The administrative hallways of hospitals are currently filled with a certain silence, the kind that comes before something awkward. As the technology in question rewrites itself every few months, legal teams at health systems across the nation are sitting in conference rooms going over vendor contracts for AI-powered tools they hardly comprehend, trying to figure out what “governance” actually means. In most places, the lawsuits have not yet been filed. However, everyone can sense that the ground is changing.
Leaders in the insurance and legal industries came together to discuss this issue at a recent forum organized by the Sheppard law firm in April under the direction of partner Carolyn Metnick. These discussions did not result in a neat handbook. It was a more straightforward set of six useful guidelines that read more like a warning than corporate policy. They also reveal a great deal about the current state of confusion in hospital legal departments, even in systems with ample resources.
The first piece of advice is surprisingly straightforward: AI governance cannot exist solely within IT or compliance. That may seem apparent, but when you consider how many companies have essentially shifted the problem to the department that was closest when the first AI tool appeared. The Sheppard team contends that cooperation between legal, clinical, operational, and executive leadership is necessary for effective governance. Involving doctors is important, particularly when AI tools are used in clinical decision-making or patient care. It’s possible that organizational charts that never caught up will be the main cause of governance failures rather than technology in general.

More unsettling is the second pointer. The way AI systems absorb, process, and learn from data was not taken into consideration by existing privacy frameworks, such as HIPAA. Because of the actual legal uncertainty that organizations operate in, internal governance, continuous risk assessment, and careful consent procedures are not only recommended but also necessary. Compliance officers feel that the regulations they have to follow date back to a time when data flowed more smoothly.
Third, traditional contract review is no longer sufficient for AI vendor relationships. Together with business and operational stakeholders, legal teams must participate in more comprehensive, cross-functional risk assessment. Though some teams haven’t fully embraced it yet, the days of redlining a software agreement and calling it done are over. Fourth, and related to this, legal teams are increasingly expected to assist in evaluating long-term privacy, cybersecurity, and compliance risks, such as early-stage companies conducting pilot programs that may not last the year or pressure-testing vendors with little track record.
Fifth, legal experts must assess suggested AI solutions in the context of the organization’s larger governance framework, taking into account the scope of data access, intended use, and clinical versus non-clinical application. Although it sounds bureaucratic, the uncomfortable questions must be asked before the tool goes live, not after a patient complaint comes to light. Sixth, and perhaps most crucially, legal and compliance teams should not only act as gatekeepers but also foster responsible innovation. Risk is not decreased by reflexively saying “no” to every AI proposal. It simply drives adoption underground, into the shadow AI that, according to Baker Donelson’s recent estimate, is found in 40% of hospitals.
It’s worth sitting with that final statistic. Forty percent. It indicates that administrators and clinicians are already utilizing AI tools that have not been examined by legal professionals and that may be processing protected health data without the required authorization or supervision. According to reports, 63% of organizations do not have any AI governance policies at all. The difference between institutional preparedness and adoption speed is not getting smaller. It’s getting bigger.

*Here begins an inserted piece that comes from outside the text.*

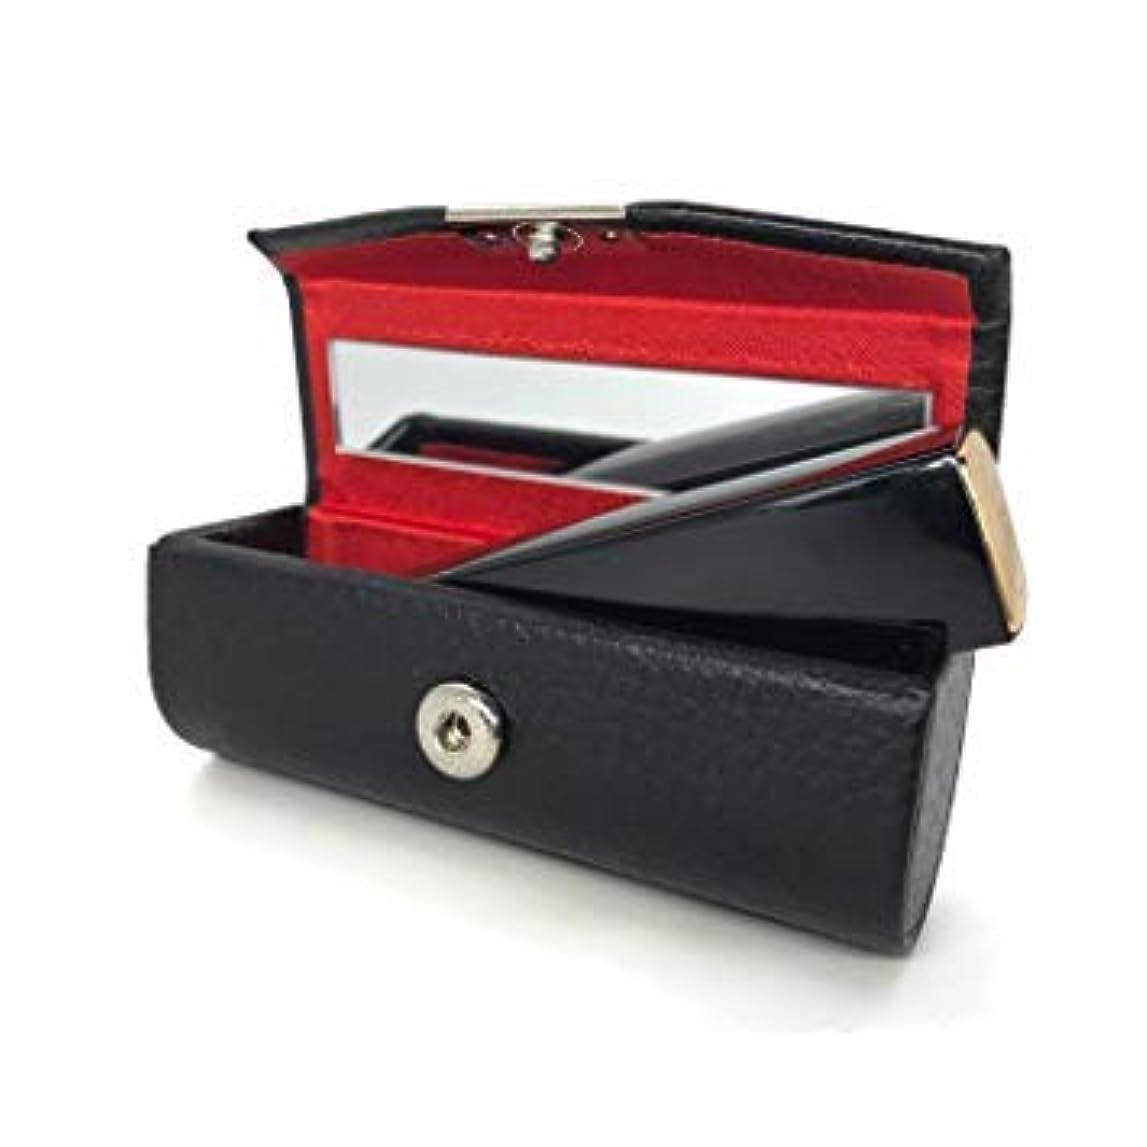 薬局楽しませる仕方口紅ホルダー 収納ボックス リップスティックケース レザー ミラー付き

It’s difficult to ignore how much the conversation has changed in just the last year as you watch all of this take place. The question of whether hospitals should control AI is no longer relevant. The question is whether they can complete it quickly enough to keep up with the litigation that is already being prepared in plaintiffs’ offices around the nation. There are already pending class actions alleging that ambient AI scribes are being used to illegally record patient visits. The first state enforcement action against an AI chatbot for practicing medicine without authorization was filed by Pennsylvania. The terrain is no longer hypothetical.
Metnick’s team’s six points aren’t particularly innovative. They are grounded, pragmatic, and slightly urgent. The implicit admission that most hospital legal teams are still figuring this out in real time—building the plane while it’s already carrying passengers—is what makes them valuable. Whether they are prepared or not, the first lawsuit will be filed.